Developing therapeutics is a lengthy and expensive process that requires the satisfaction of many different criteria, and AI models capable of expediting the process would be invaluable. However, the majority of current AI approaches address only a narrowly defined set of tasks, often circumscribed within a particular domain. To bridge this gap, we introduce Tx-LLM, a generalist large language model (LLM) fine-tuned from PaLM-2 which encodes knowledge about diverse therapeutic modalities. Tx-LLM is trained using a collection of 709 datasets that target 66 tasks spanning various stages of the drug discovery pipeline. Using a single set of weights, Tx-LLM simultaneously processes a wide variety of chemical or biological entities (small molecules, proteins, nucleic acids, cell lines, diseases) interleaved with free-text, allowing it to predict a broad range of associated properties, achieving competitive with state-of-the-art (SOTA) performance on 43 out of 66 tasks and exceeding SOTA on 22. Among these, Tx-LLM is particularly powerful and exceeds best-in-class performance on average for tasks combining molecular SMILES representations with text such as cell line names or disease names, likely due to context learned during pretraining. We observe evidence of positive transfer between tasks with diverse drug types (e.g., tasks involving small molecules and tasks involving proteins), and we study the impact of model size, domain finetuning, and prompting strategies on performance. We believe Tx-LLM represents an important step towards LLMs encoding biochemical knowledge and could have a future role as an end-to-end tool across the drug discovery development pipeline.

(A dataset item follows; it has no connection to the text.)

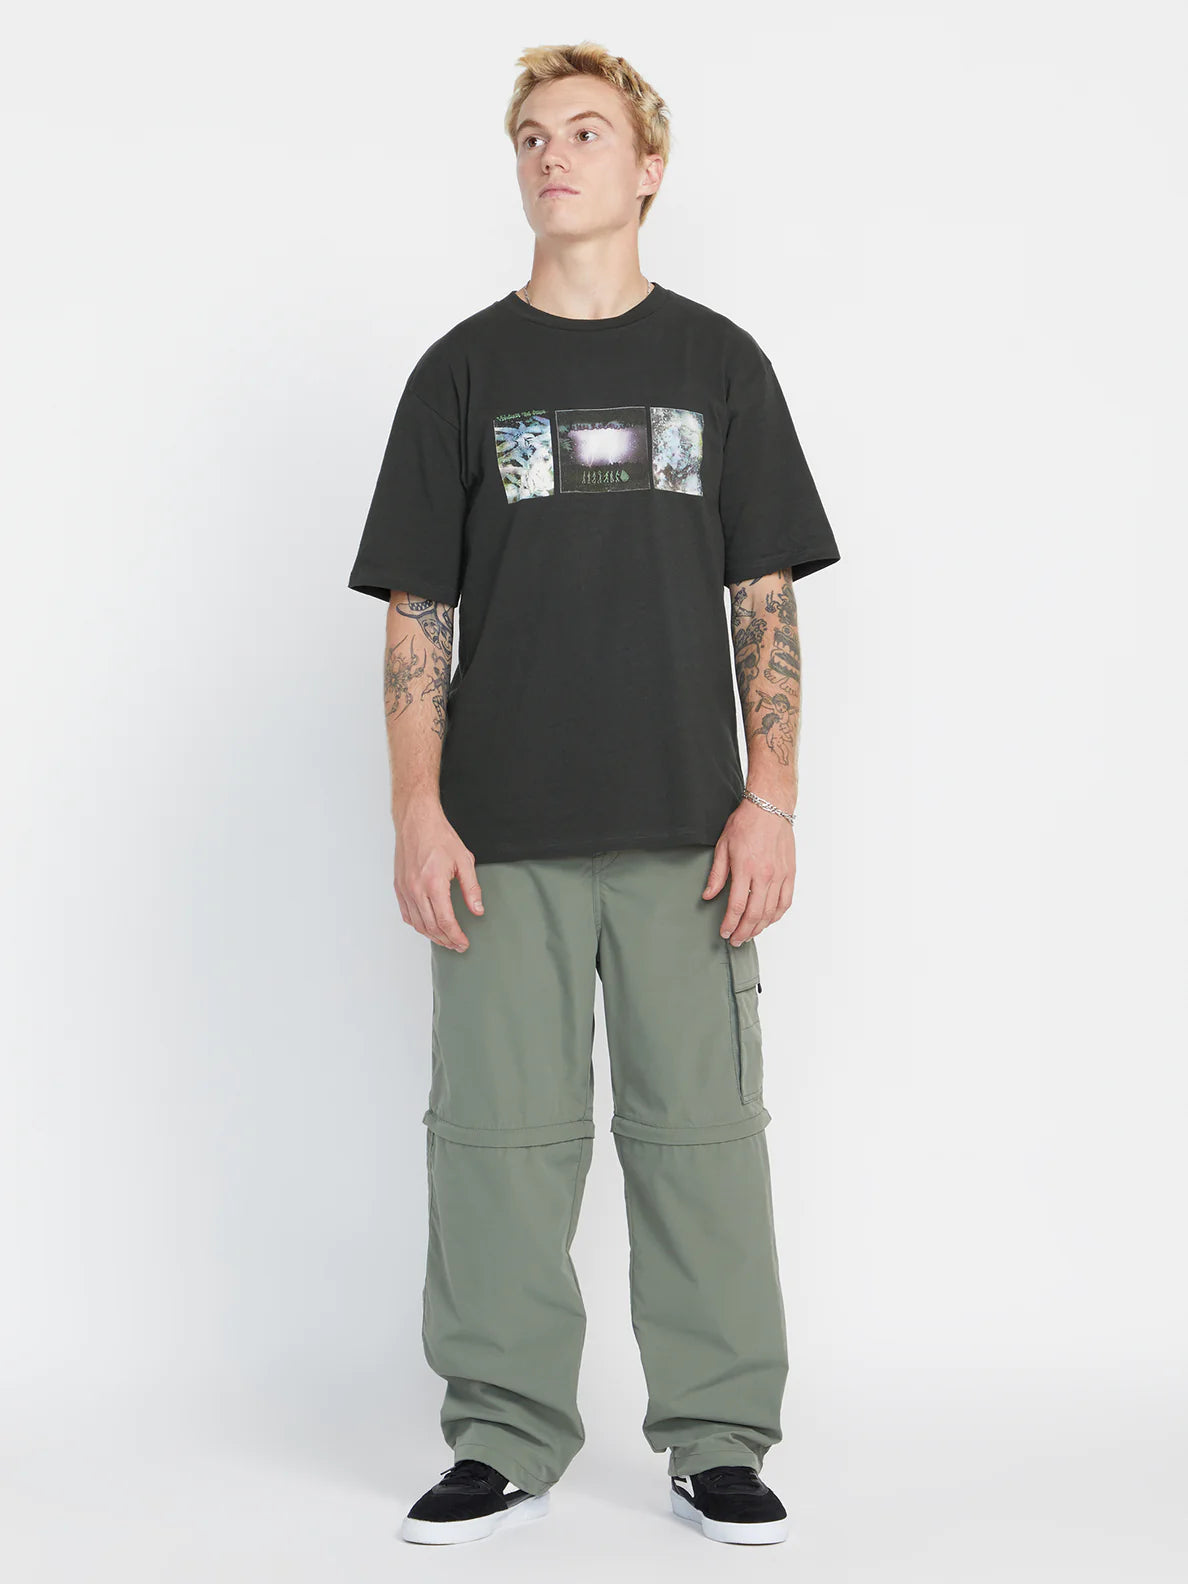 Camiseta Volcom Skate Vitals Simon Bannerot - Stealth | Camisetas de hombre | Camisetas manga corta de hombre | Volcom Shop | surfdevils.com

The model was trained using 709 drug discovery datasets comprising 66 tasks formatted for instruction tuning from Therapeutics instruction Tuning (TxT) https://tdcommons.ai collection for tasks across the drug discovery spectrum. These tasks include:

  • Evaluating drug efficacy and safety.
  • Predicting molecular targets.
  • Assessing the ease of manufacturing drugs.

MRC grant for collaboration

Biomedical research often requires collaborations between scientists with different skills so I'm always delighted to highlight grants that help foster collaboration.

This opportunity is intended to support new partnerships between diverse groups of researchers within the remit of Medical Research Council (MRC).

The grant will allow you to:

Establish new, high-value collaborative activities or capabilities
Add value to high-quality scientific programmes that are already supported by grants from MRC and other funders

Funding is available for between one and five years

More details here https://www.ukri.org/opportunity/responsive-mode-partnership/?utmmedium=email&utmsource=govdelivery.

EMBL-EBI User Survey 2024

I suspect many of the readers of this site have used some of EMBL-EBI resources and tools are some time.

EMBL’s European Bioinformatics Institute maintains the world’s most comprehensive range of freely available and up-to-date molecular data resources.

https://www.ebi.ac.uk/services/data-resources-and-tools.

These of course include the Alphafold database. ChEMBL, PDB in Europe and much. Much more.

In order to support continued funding they do regular user surveys, and the latest is now online.

https://www.surveymonkey.com/r/HJKYKTT

It takes around 15 mins to complete so please take a tea break and fill it in.